Task requirements:
Only the lines of the listing below that run from the line with "freelance sound recordist" through the line with "Mobile program for" are to be set down, word for word. Pictures stay out.

Data for review:
******************************

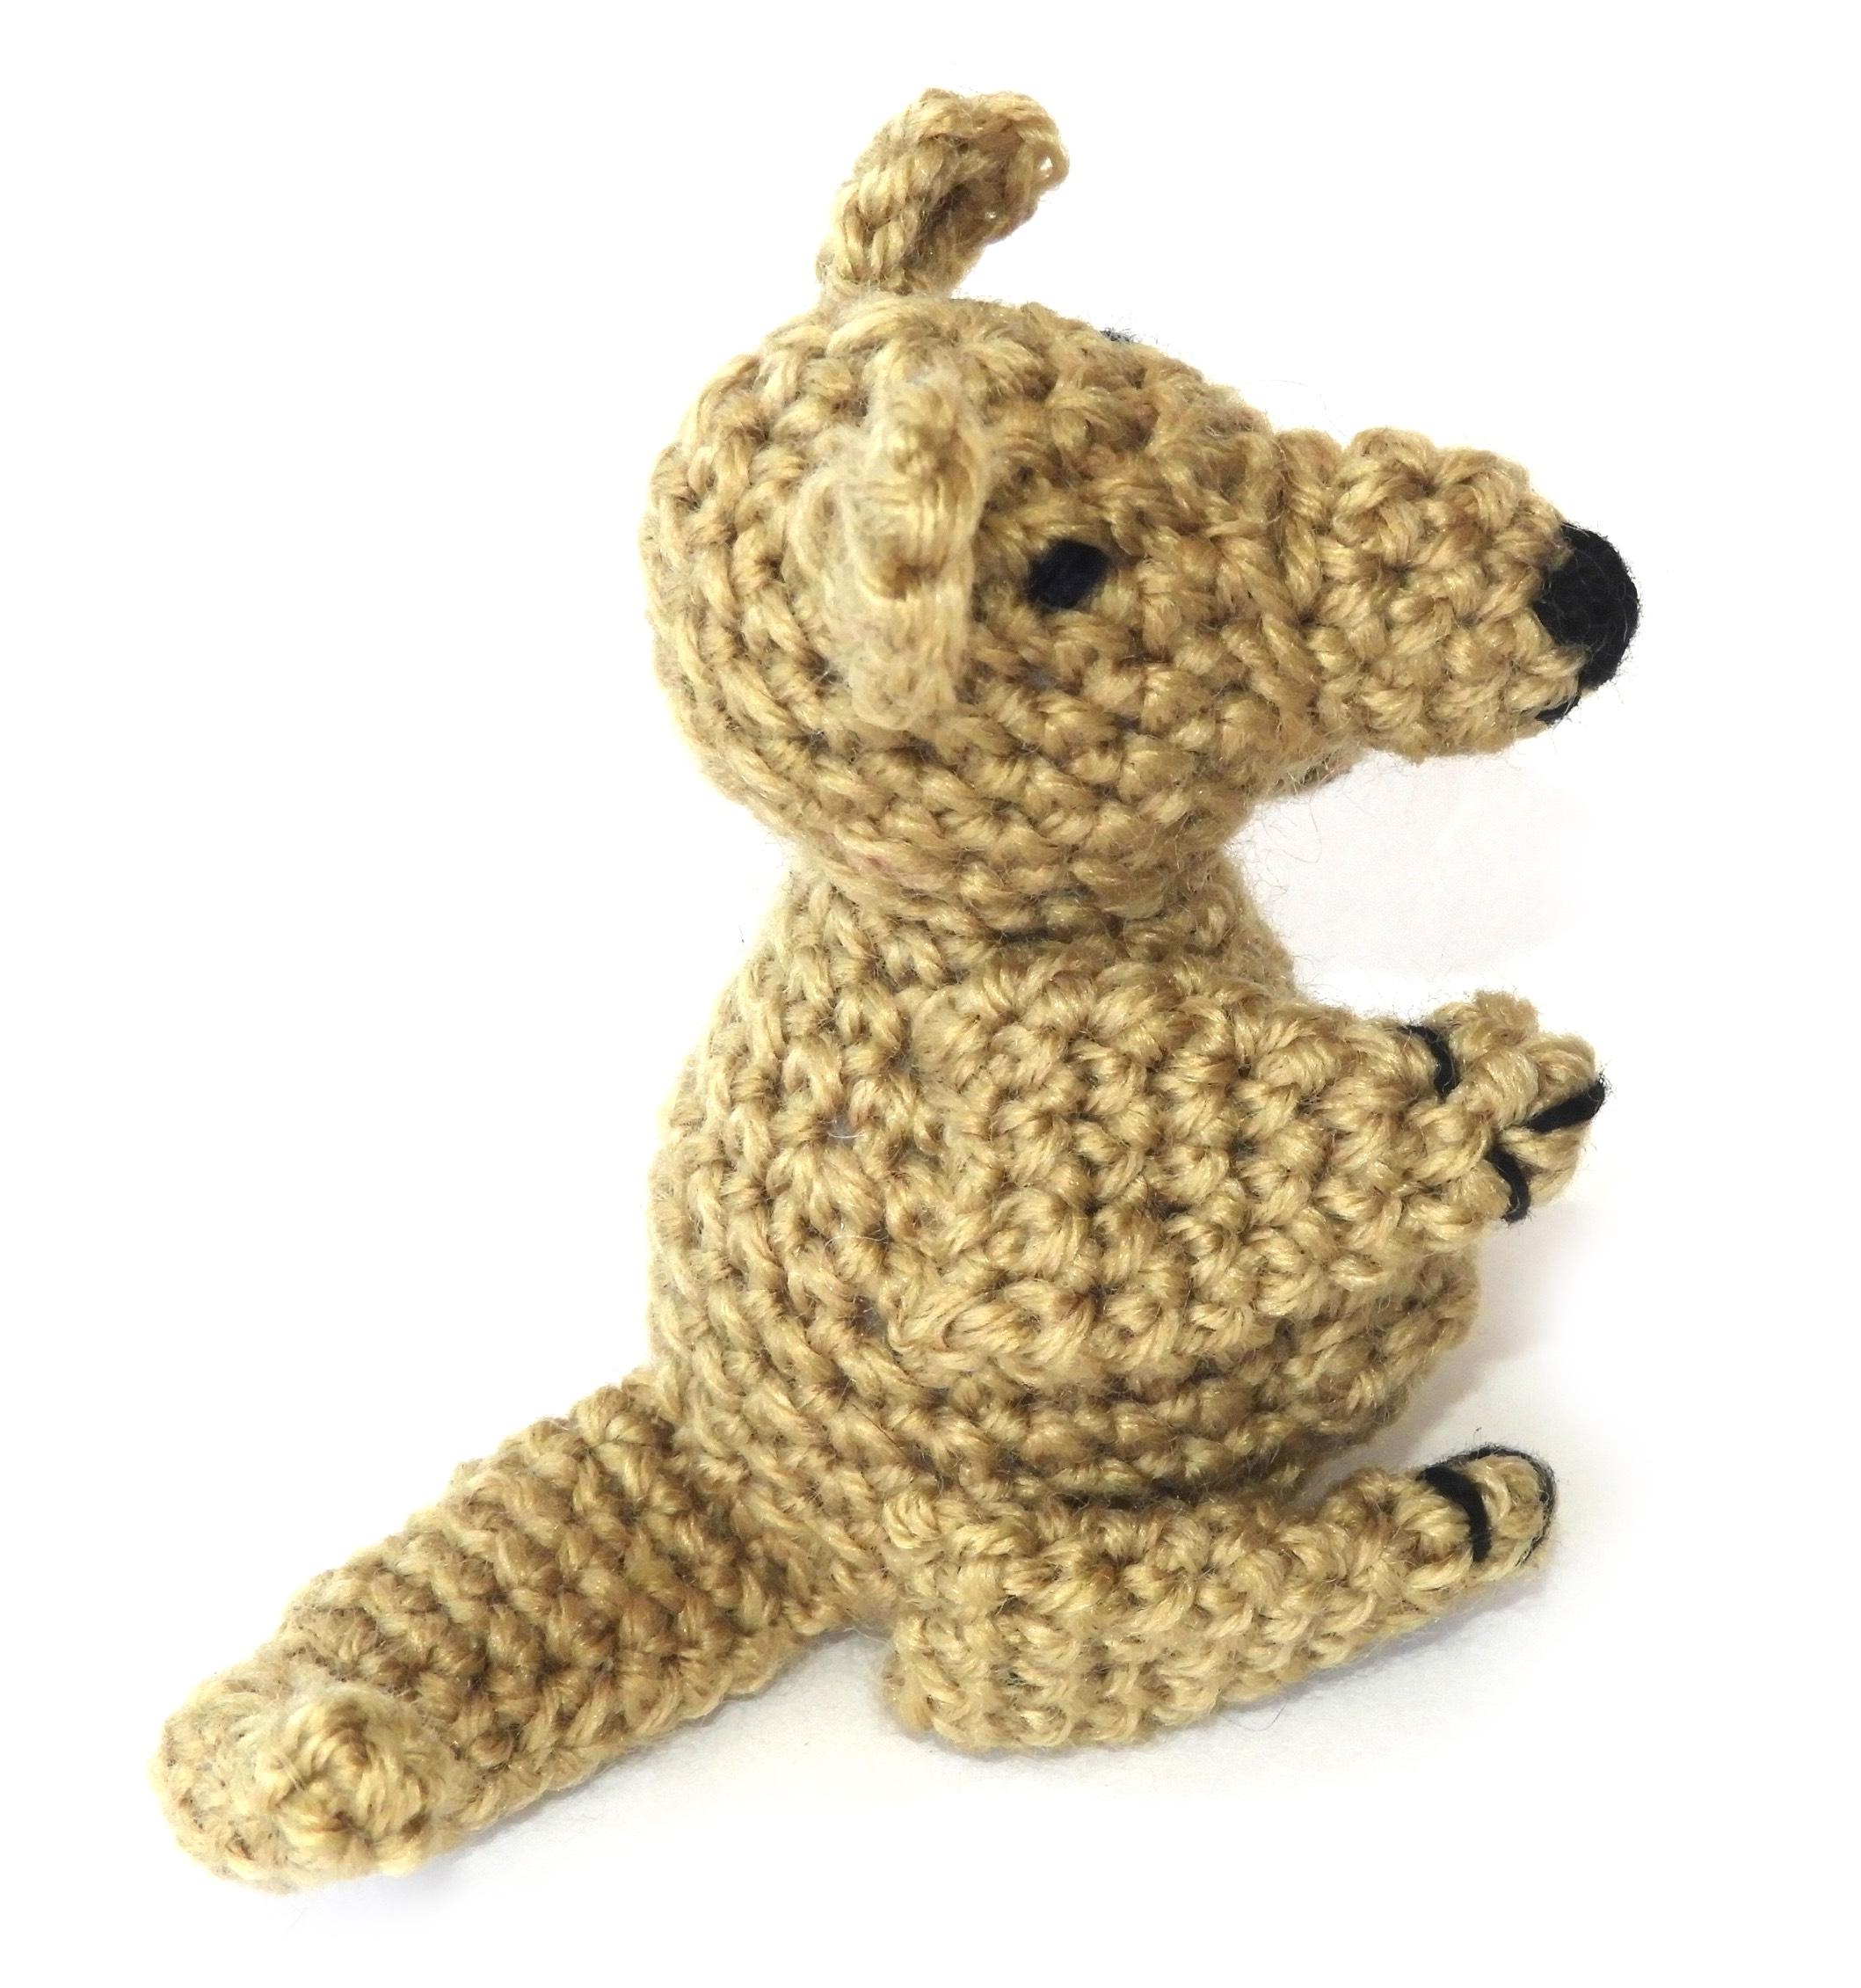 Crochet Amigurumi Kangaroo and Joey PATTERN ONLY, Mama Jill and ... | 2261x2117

******************************

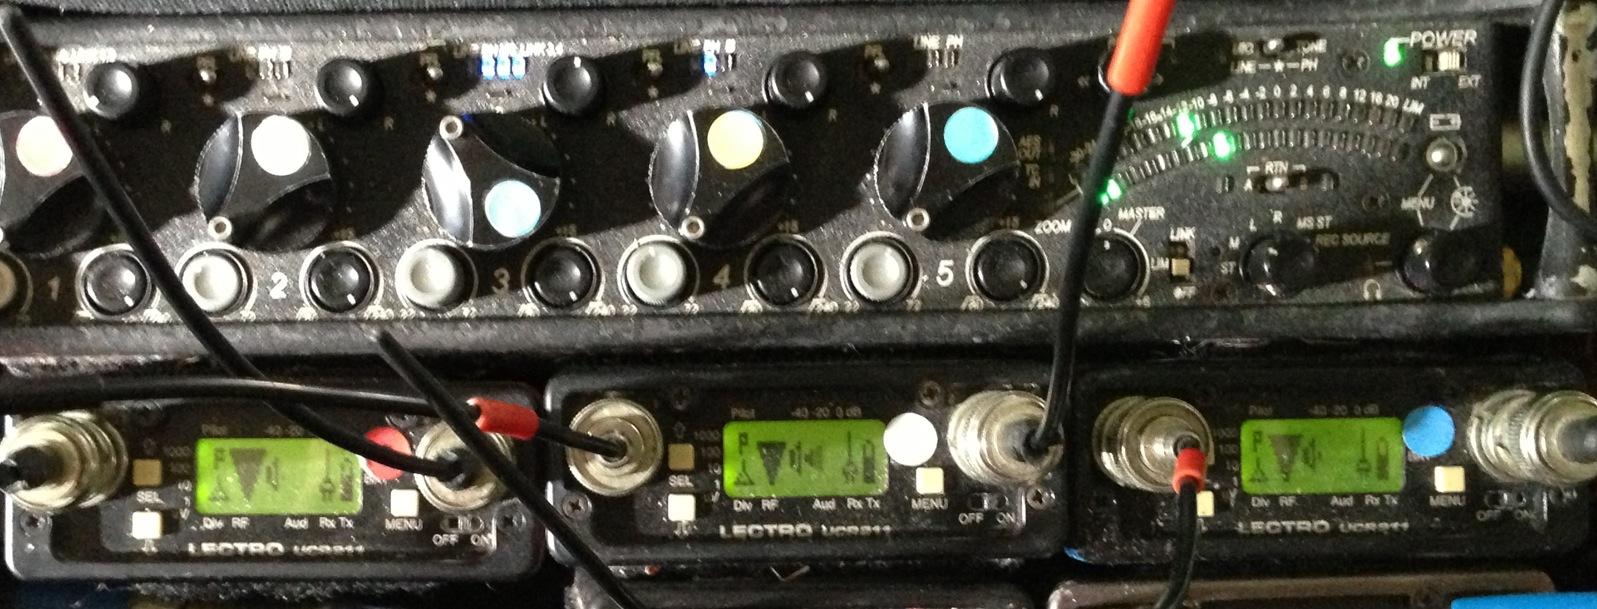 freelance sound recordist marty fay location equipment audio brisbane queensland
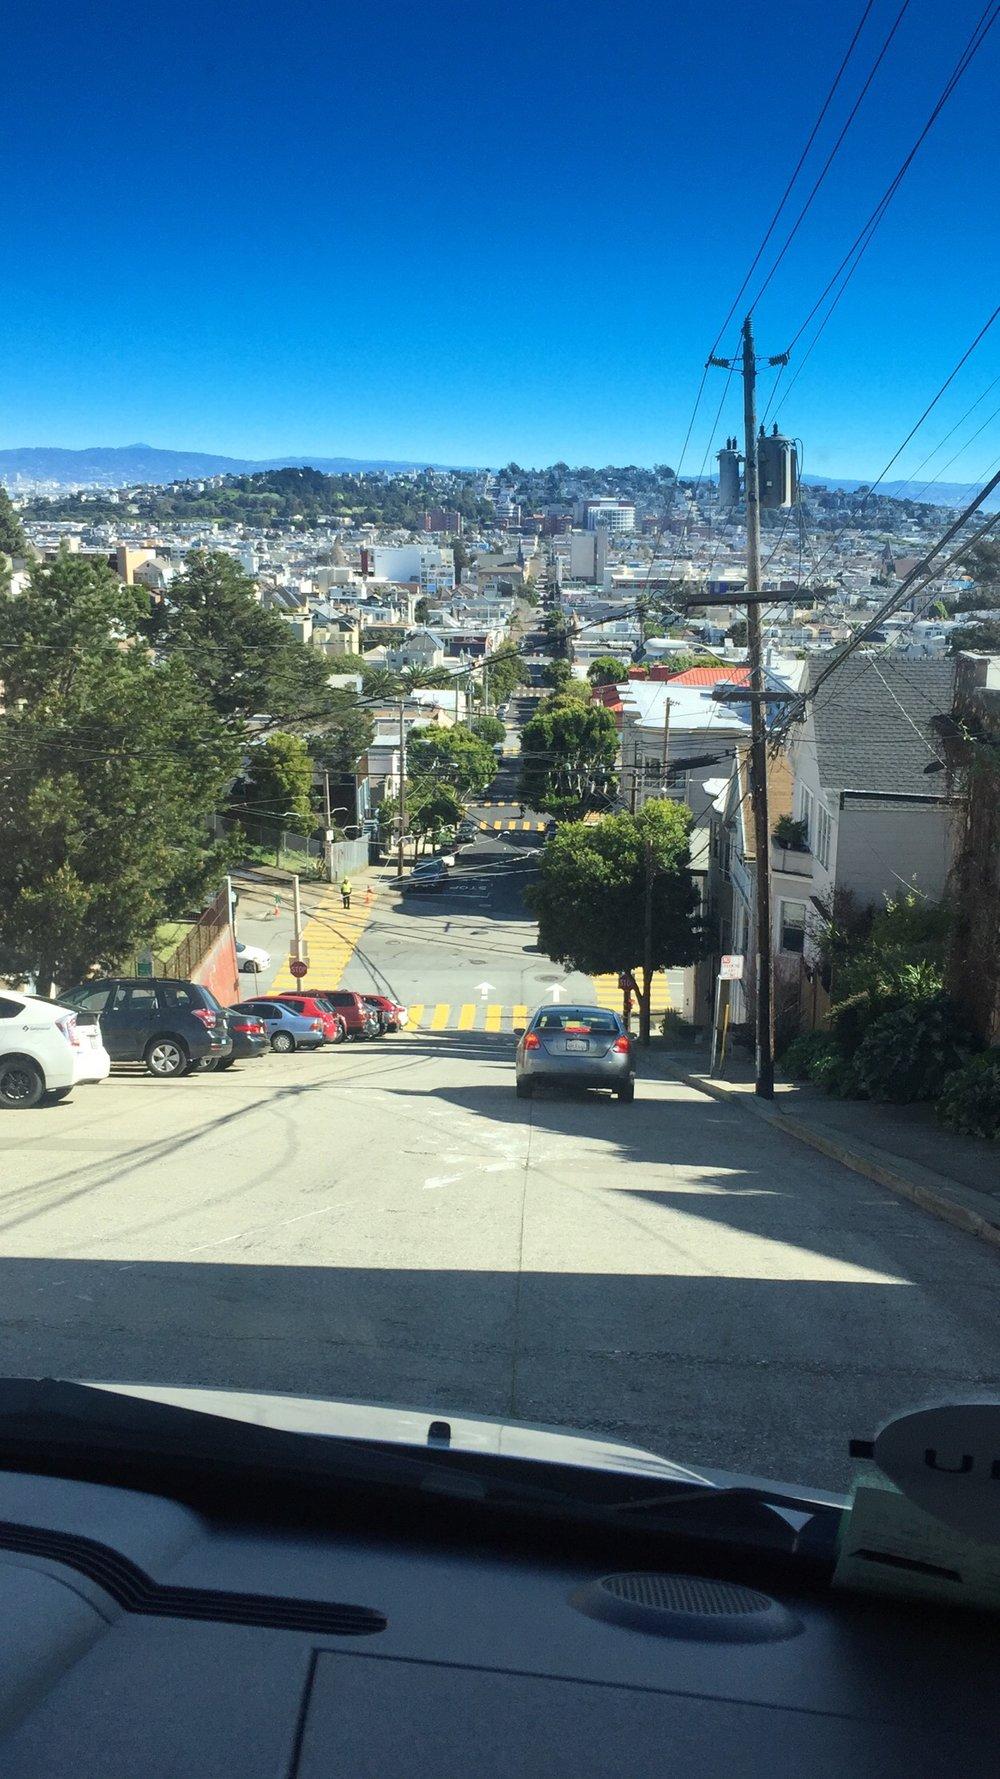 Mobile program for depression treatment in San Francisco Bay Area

******************************

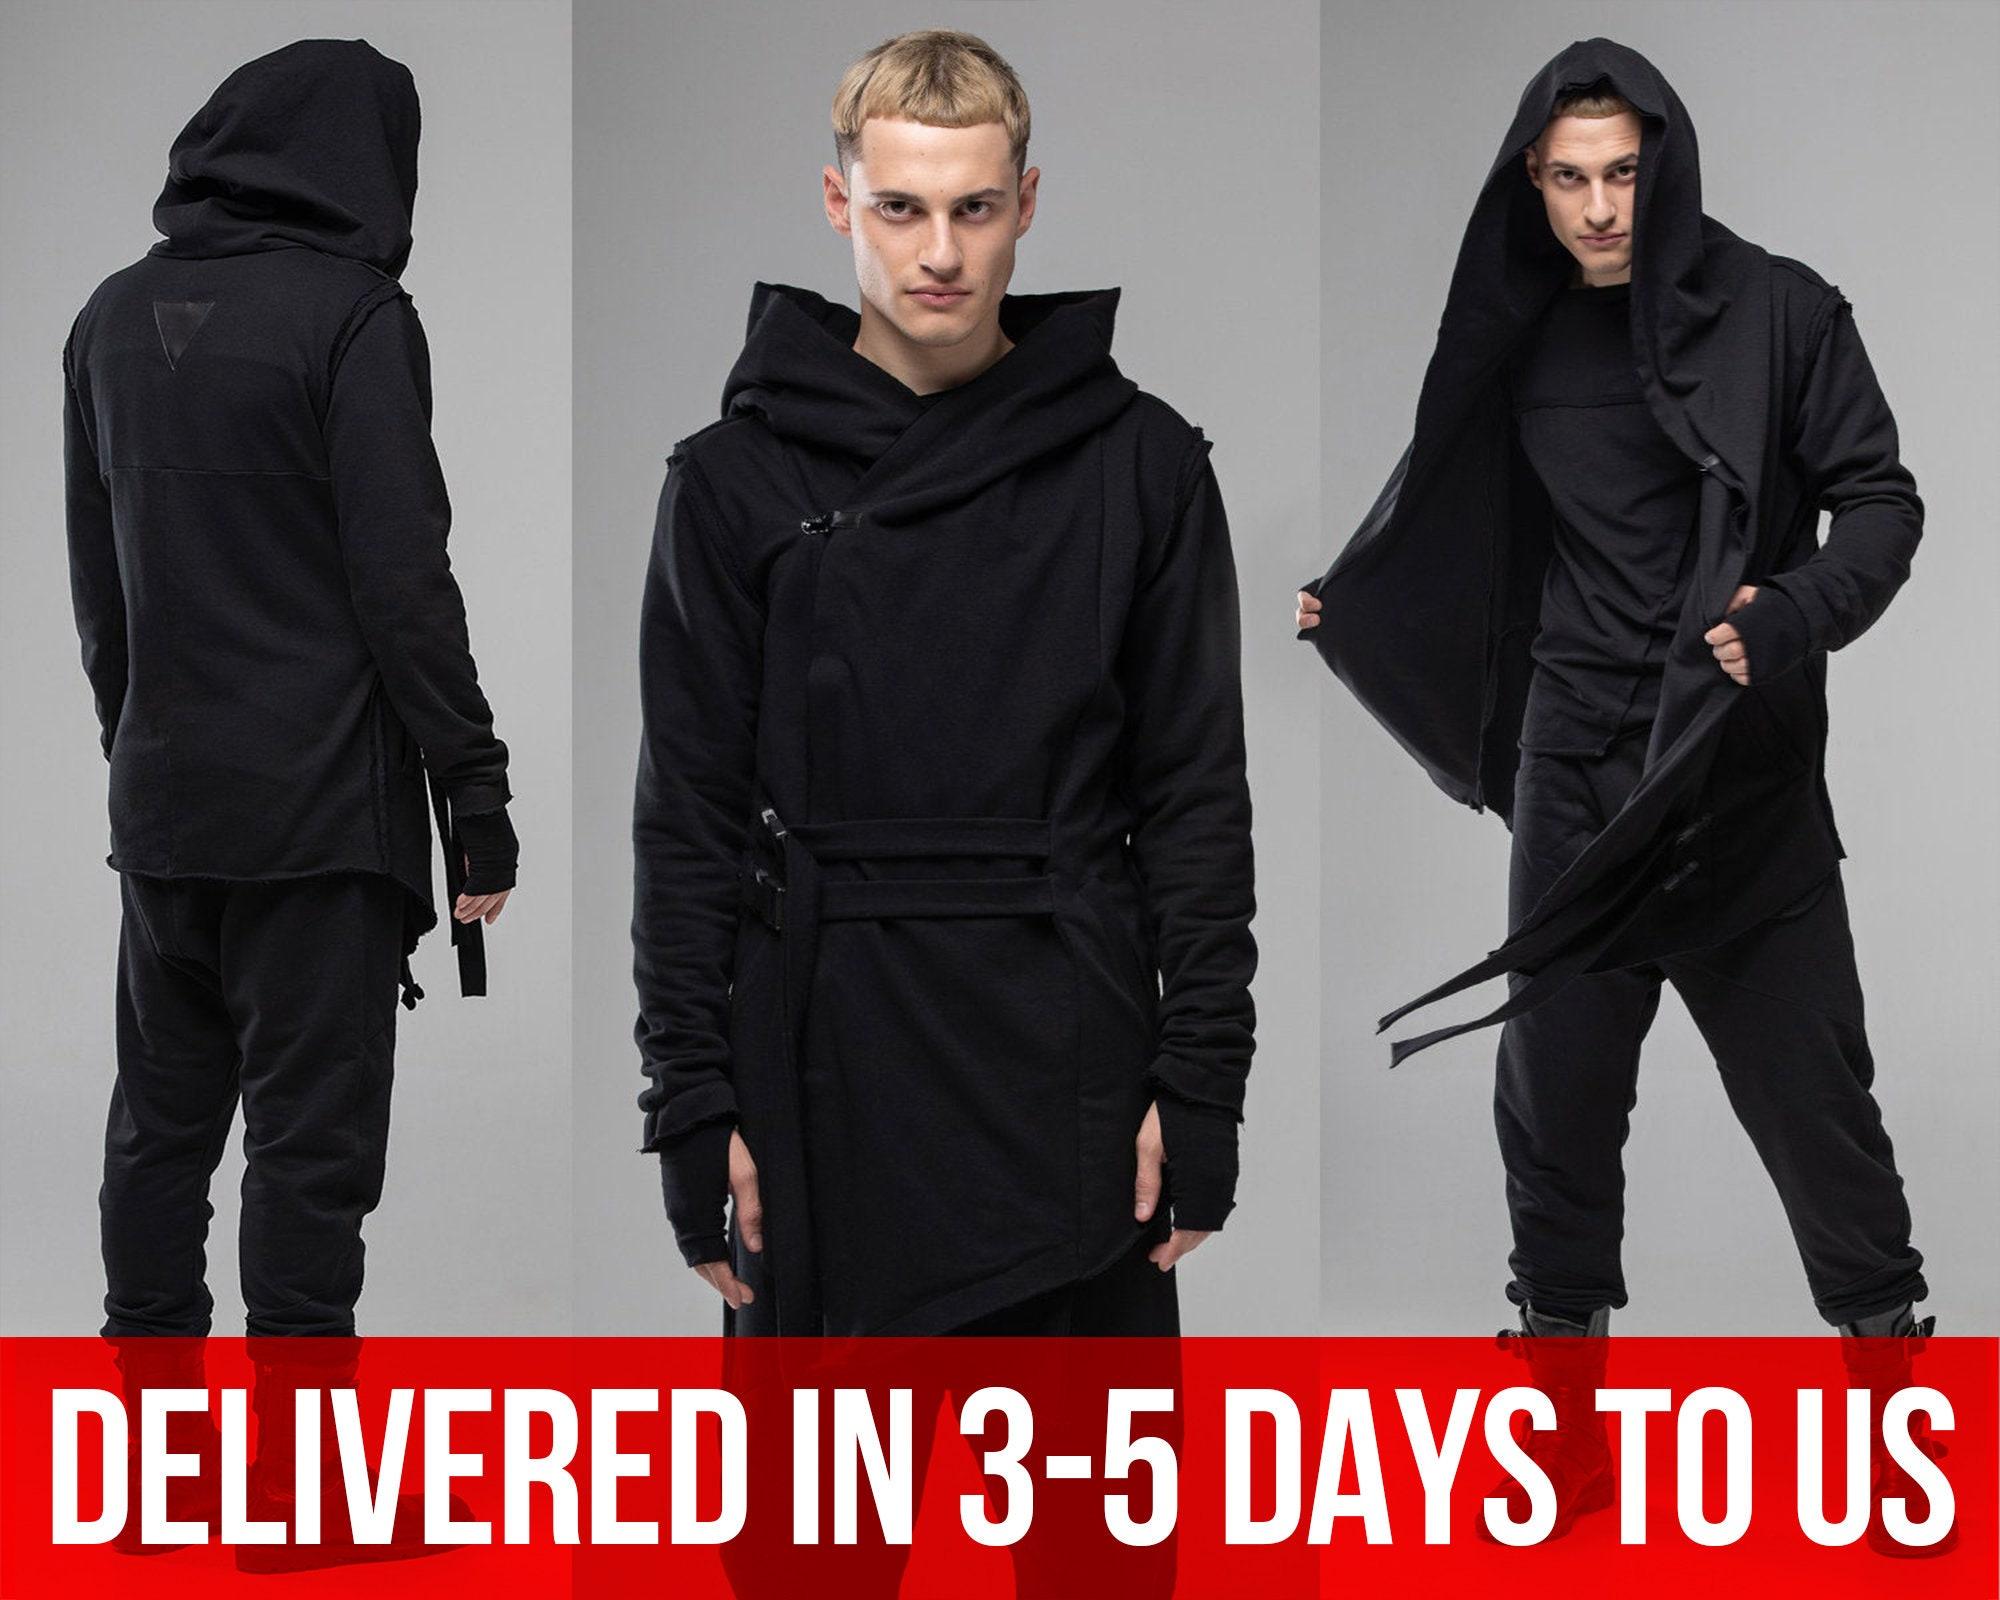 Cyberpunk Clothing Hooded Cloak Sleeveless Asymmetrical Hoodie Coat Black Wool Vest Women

******************************

Output:
 freelance sound recordist marty fay location equipment audio brisbane queensland
 Mobile program for depression treatment in San Francisco Bay Area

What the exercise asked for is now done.